Jason Gross (00:33:06): I want to use the example from max of k, where the way the network works is that it pays more attention to larger tokens and it copies whatever it’s paying attention to. And if you look at the QK attention matrix - the query key attention matrix part of the transformer - it turns out that it’s approximately rank one, in that there’s one direction that I’ve been calling the “size” direction where you just embed more or less linearly, although nothing in any of the proofs uses [the fact] that it’s linear in this direction in terms of how big the input is. You can read off the size of the input token just by projecting in this one direction. And then there’s also a query direction where every token is embedded roughly uniformly, and so you dot the query direction and the size direction after lining them up through QK. And this is how the network pays more attention to bigger tokens. Sorry, I’ve forgotten what your question was in-

Daniel Filan (00:34:13): What’s going on with structureless noise? What is it? What does it look like?

Jason Gross (00:34:17): Okay, so I said that this QK attention circuit is approximately rank one, and you can subtract off the rank one part and this will perform… If you replace the QK circuit with its rank one part, I think this improves the performance of the network. So by standard measures, the rest of it isn’t doing anything, but it’s still the case that the rest of it is not literally zero. The product of matrices is not literally rank one. And if you-

Daniel Filan (00:34:43): So, the product of matrices, like-

Jason Gross (00:34:45): So, you have embed, query, key, embed.

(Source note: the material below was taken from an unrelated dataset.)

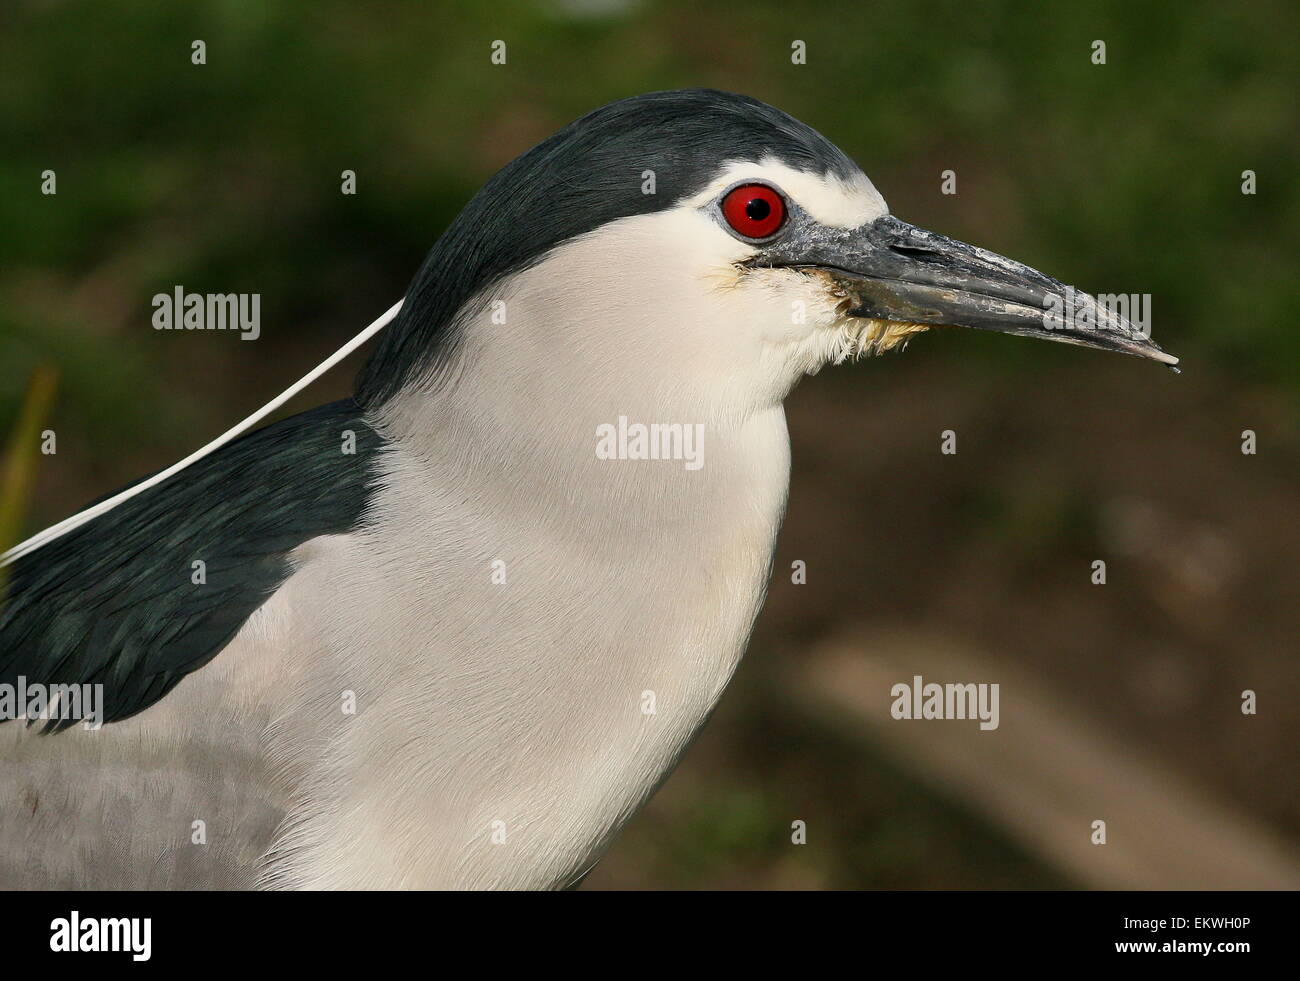 Black-crowned night heron (Nycticorax nycticorax) close-up of head and upper body Stock Photo

Daniel Filan (00:34:48): Okay. And when you talk about the QK matrix, you mean the product of the query matrix and the key matrix?

Jason Gross (00:34:53): I’ve been a little bit ambiguous about whether I mean that product or whether I mean that product putting the embeds on each side, but yes.

Daniel Filan (00:34:58): Okay.

Jason Gross (00:34:59): And so, if you take the product of the four matrices, let’s say, which in the paper I think is E, Q, K, E, this is approximately rank one. You get a more accurate result if you consider it as rank two, because there’s both the size direction and the query direction, so you can make it even more structureless by pulling off the first two ranks. You pull this out of all four matrices and what you’re left with looks roughly random. There’s a little bit of structure but not very much. And in order to get a proof that is linear in the parameter count of the network, which is potentially the best shortest proof that you could go for, you need to avoid multiplying out these matrices, and you need to establish that if you were to multiply out these matrices, it doesn’t affect attention that much.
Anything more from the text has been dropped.